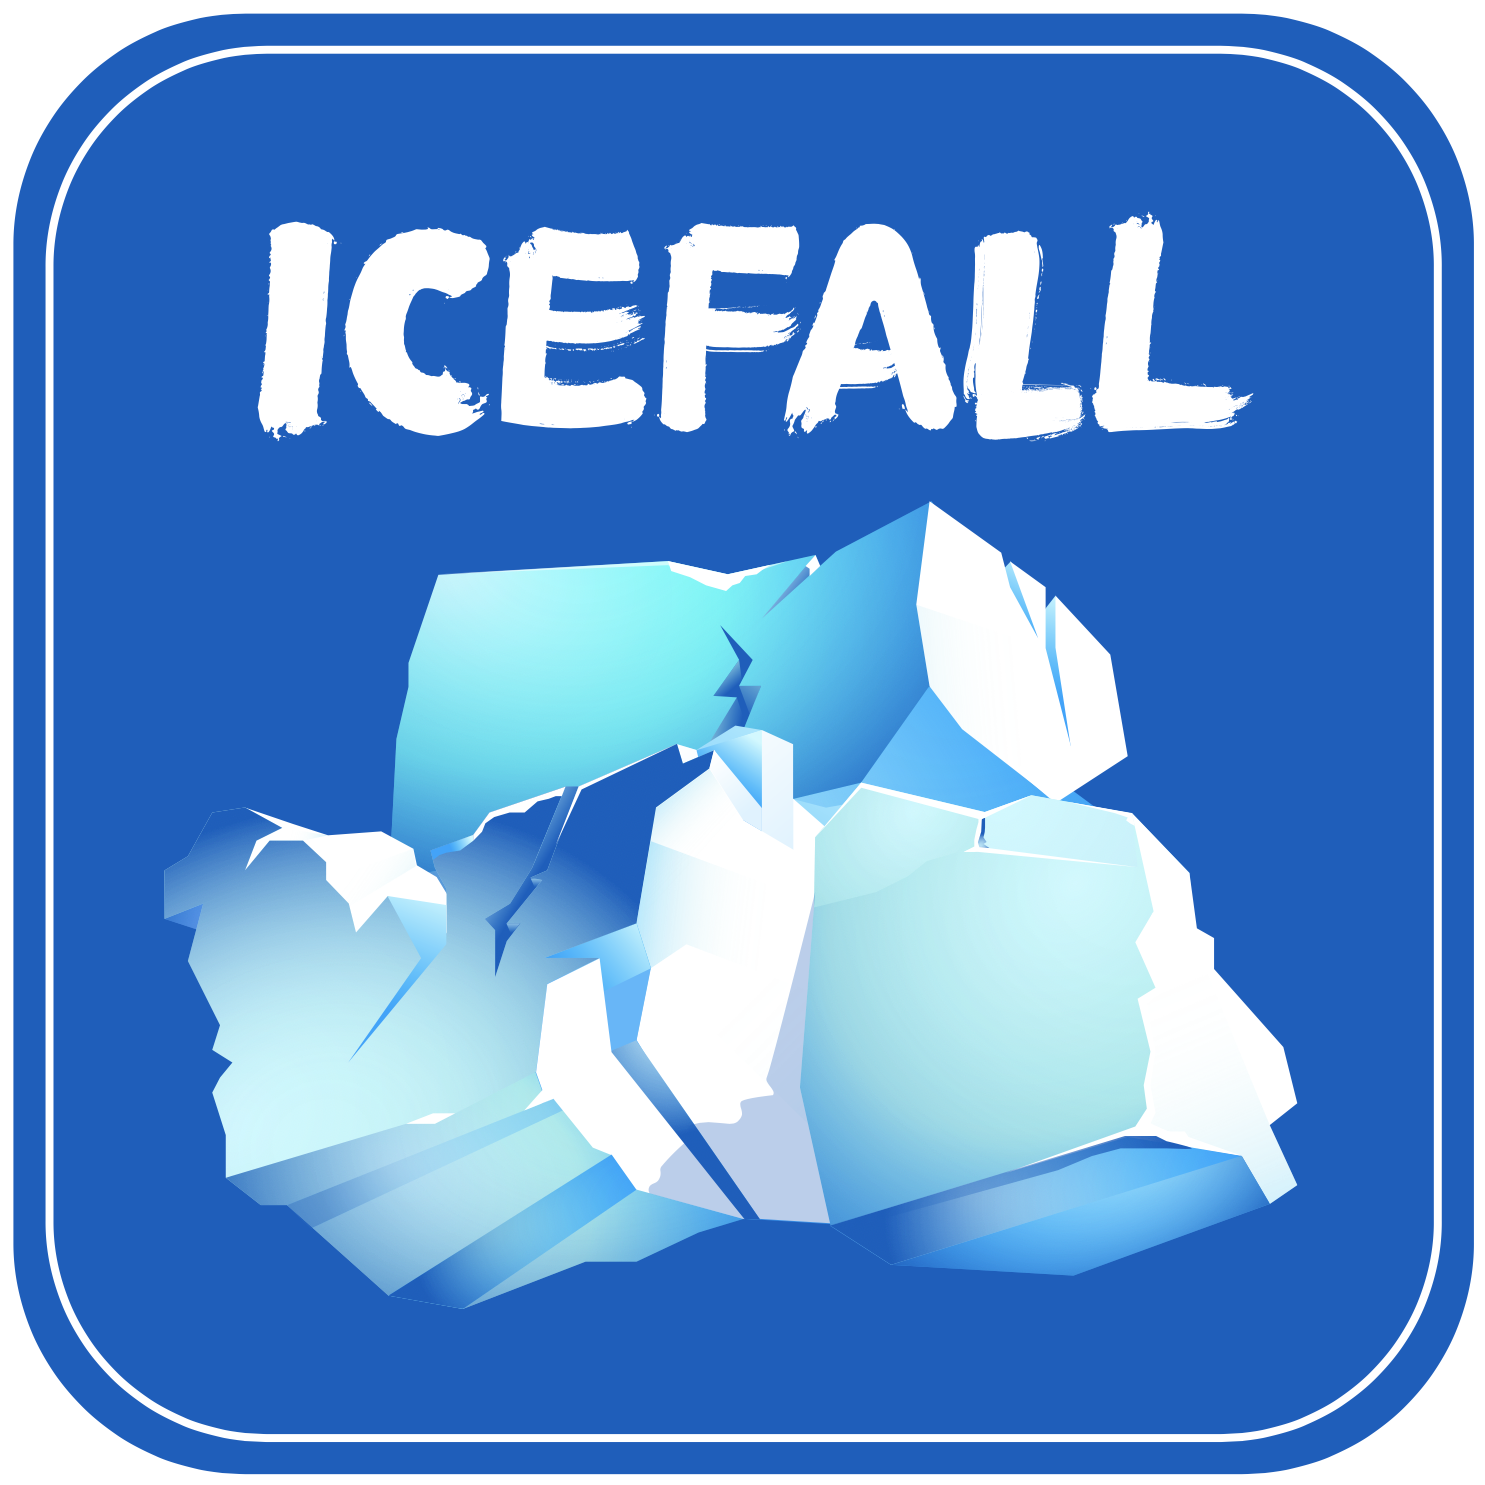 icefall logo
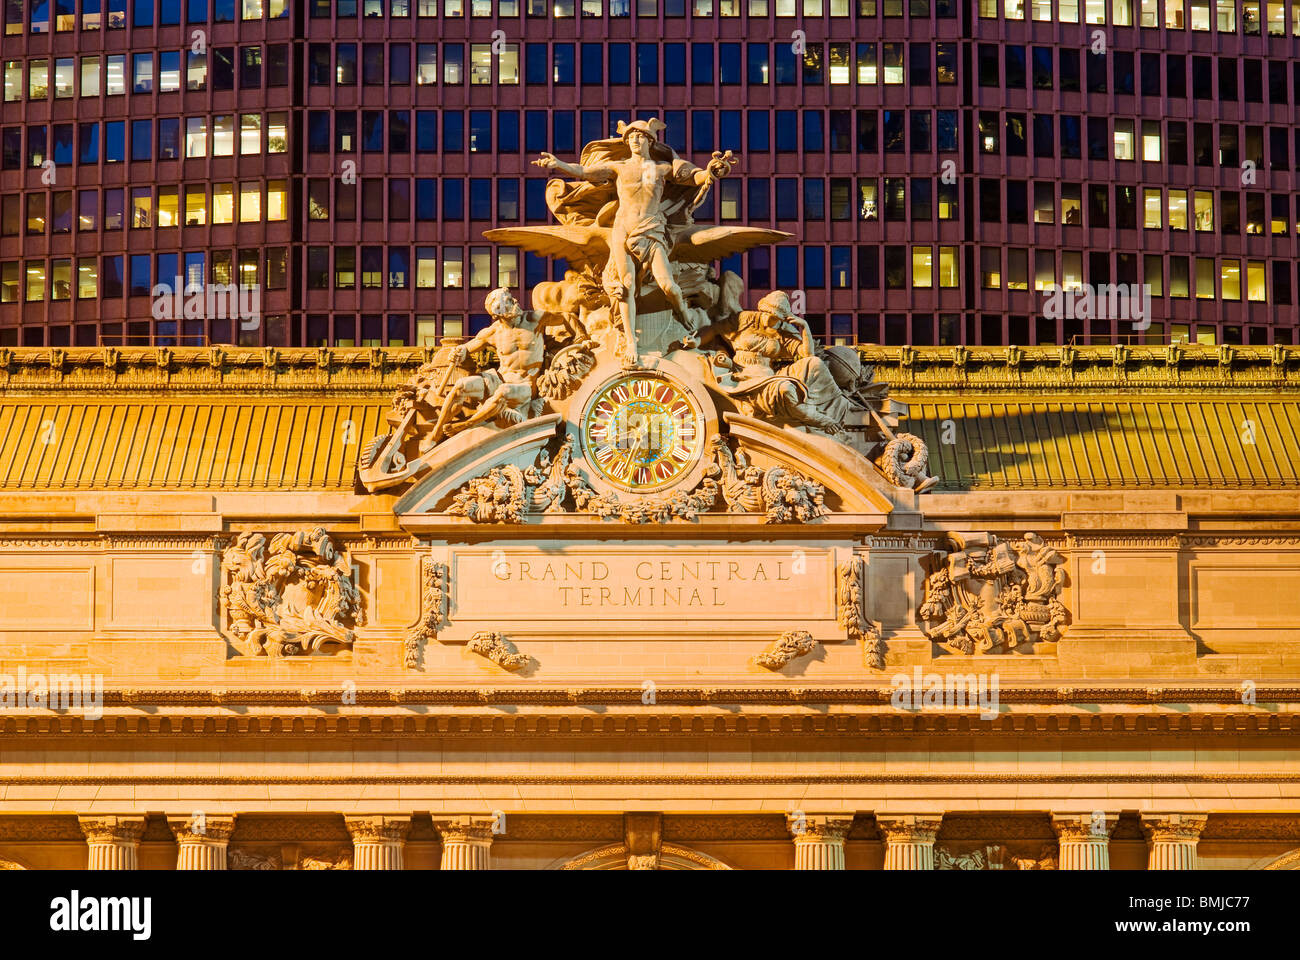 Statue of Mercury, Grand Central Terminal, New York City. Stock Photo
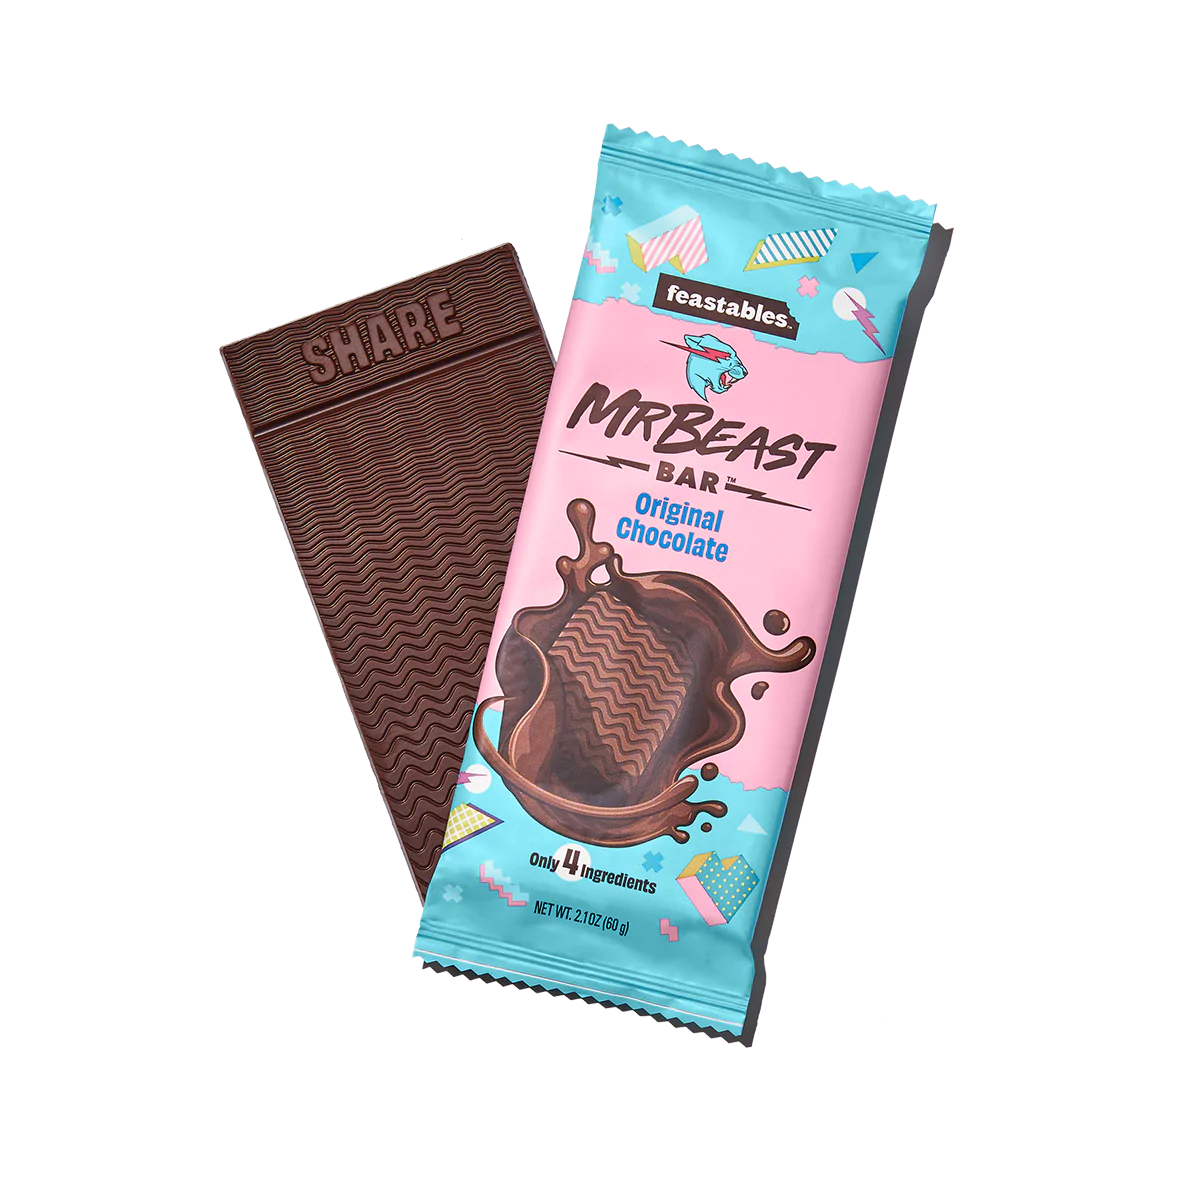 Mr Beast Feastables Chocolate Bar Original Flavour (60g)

* * * * * * * * *

> [What to work on] Restate all of the material above word for word. Pictures do not belong in it.

> [Written solution]
 icefall logo
 Statue of Mercury, Grand Central Terminal, New York City. Stock Photo
 Mr Beast Feastables Chocolate Bar Original Flavour (60g)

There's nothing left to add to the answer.